Exercise brief
With the pictures left out, print exactly the lines below that run from the one containing "Schwarz zeigt. 1934." through the one containing "Dieses Bild wurde 1934 für dieses".

Data provided
-------------------------

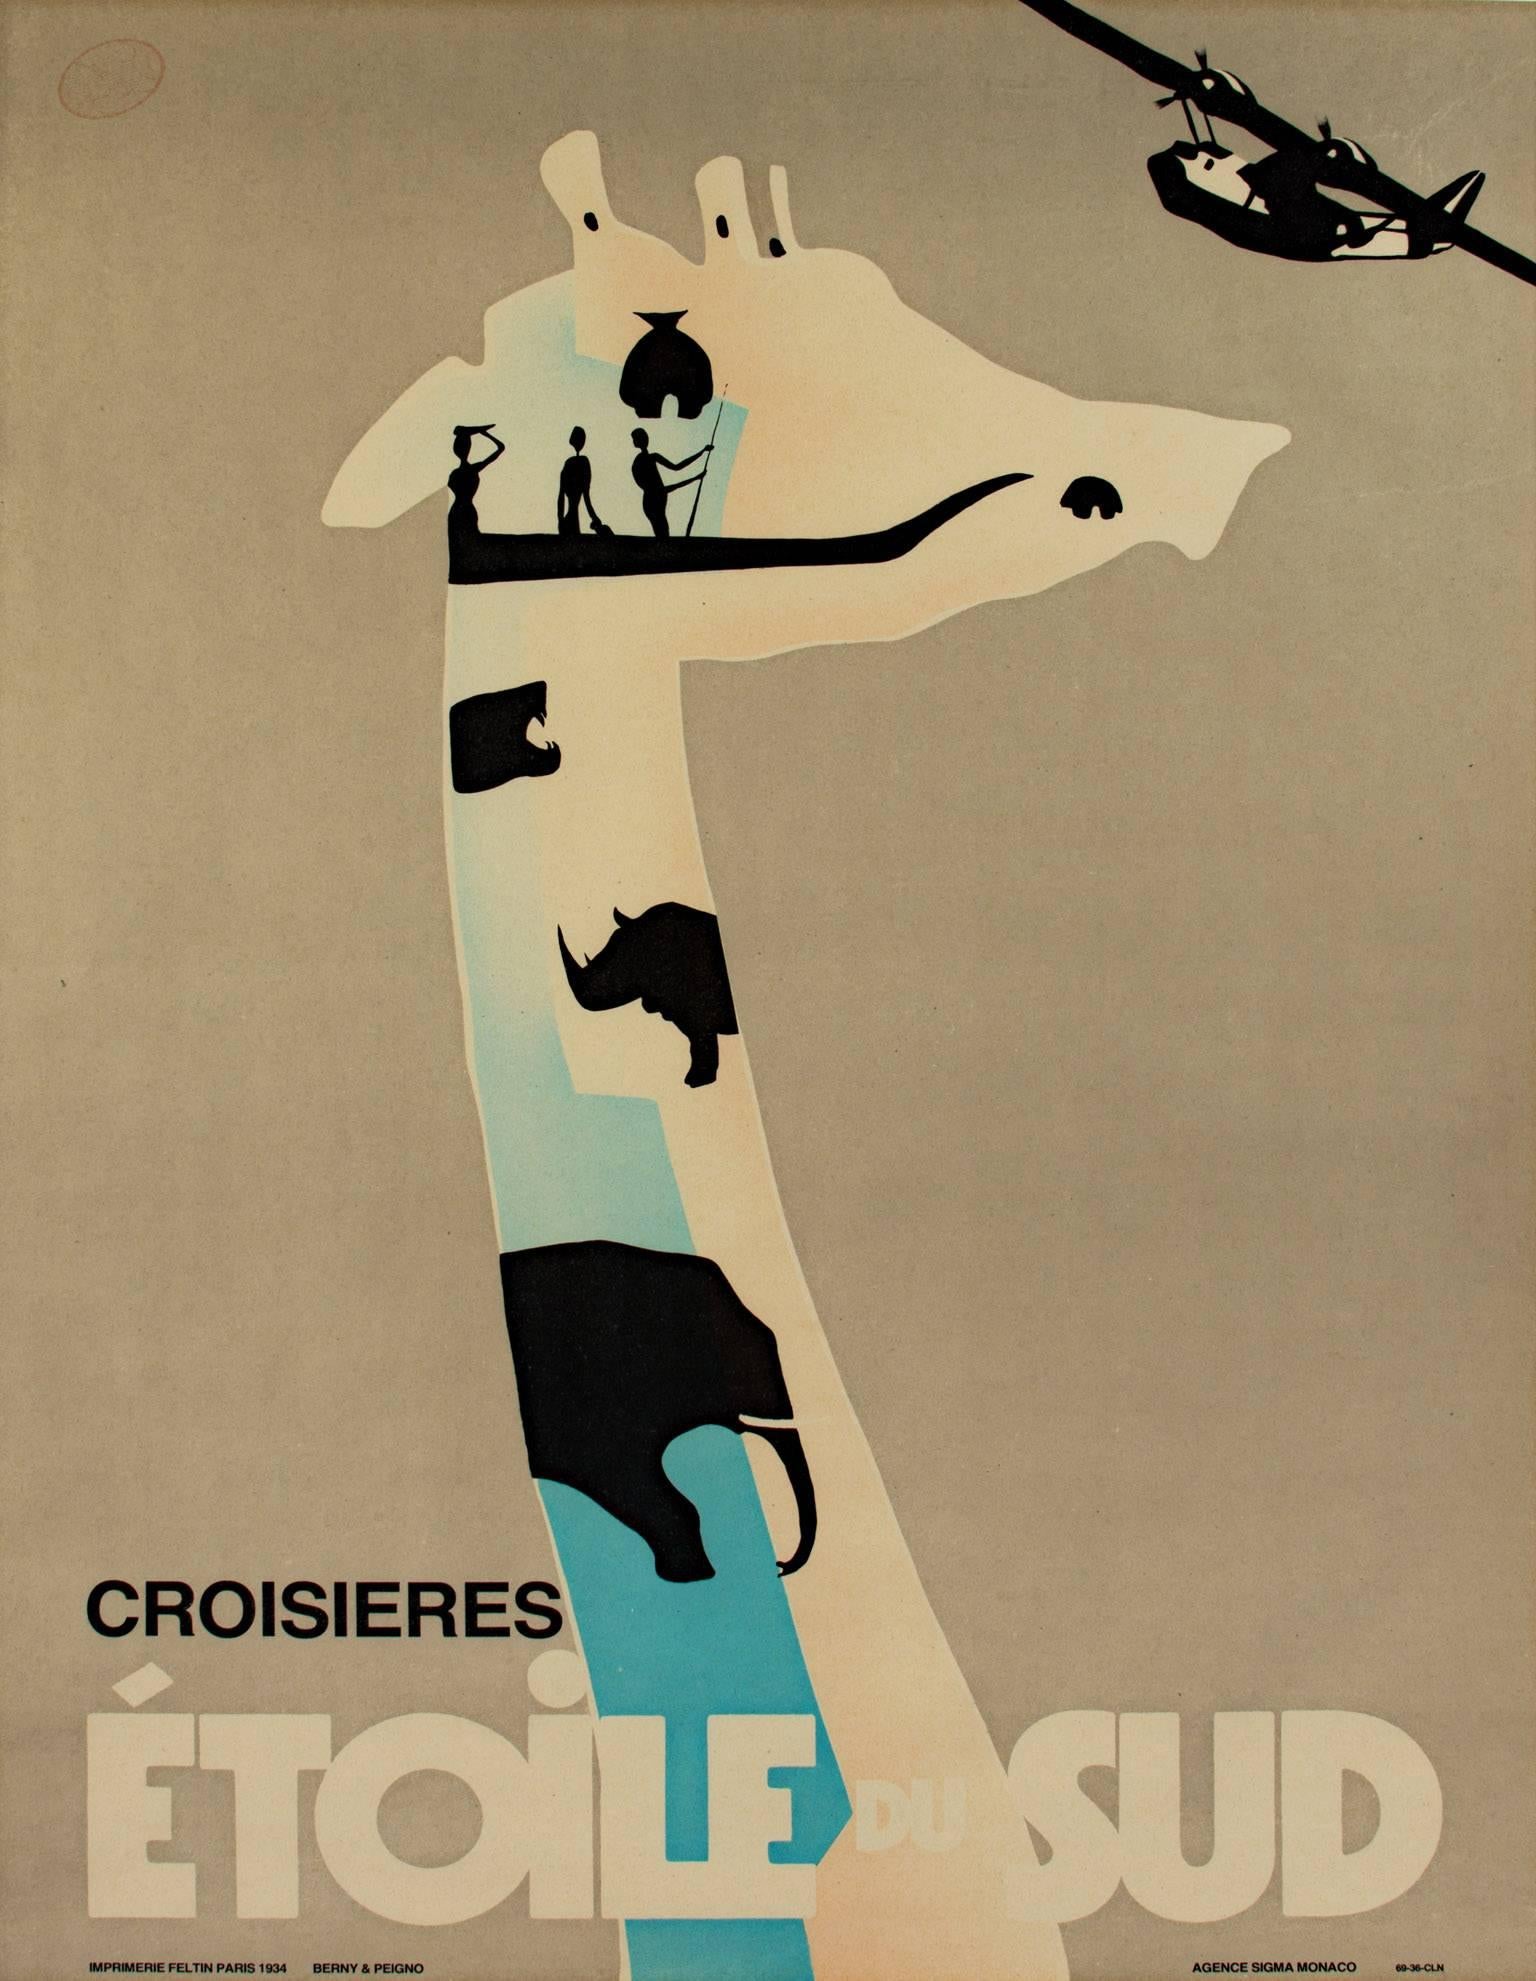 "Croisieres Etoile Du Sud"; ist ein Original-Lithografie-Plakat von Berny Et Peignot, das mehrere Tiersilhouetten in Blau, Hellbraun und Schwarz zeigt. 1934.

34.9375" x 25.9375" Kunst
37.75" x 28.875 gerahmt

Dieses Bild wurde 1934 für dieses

-------------------------

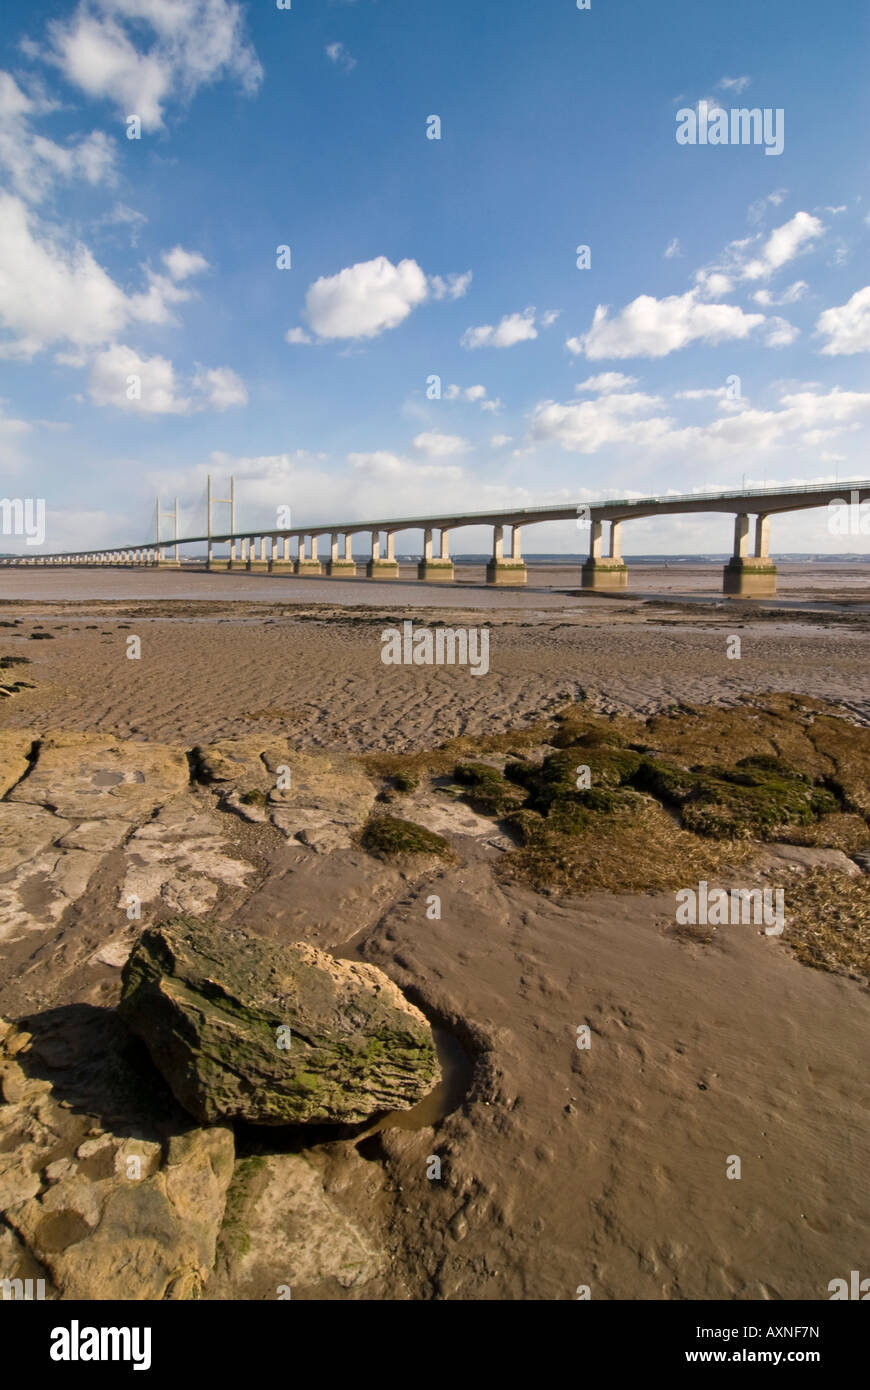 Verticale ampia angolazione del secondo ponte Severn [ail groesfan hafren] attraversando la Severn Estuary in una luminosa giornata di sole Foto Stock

-------------------------

Solution for this task
 "Croisieres Etoile Du Sud"; ist ein Original-Lithografie-Plakat von Berny Et Peignot, das mehrere Tiersilhouetten in Blau, Hellbraun und Schwarz zeigt. 1934.

34.9375" x 25.9375" Kunst
37.75" x 28.875 gerahmt

Dieses Bild wurde 1934 für dieses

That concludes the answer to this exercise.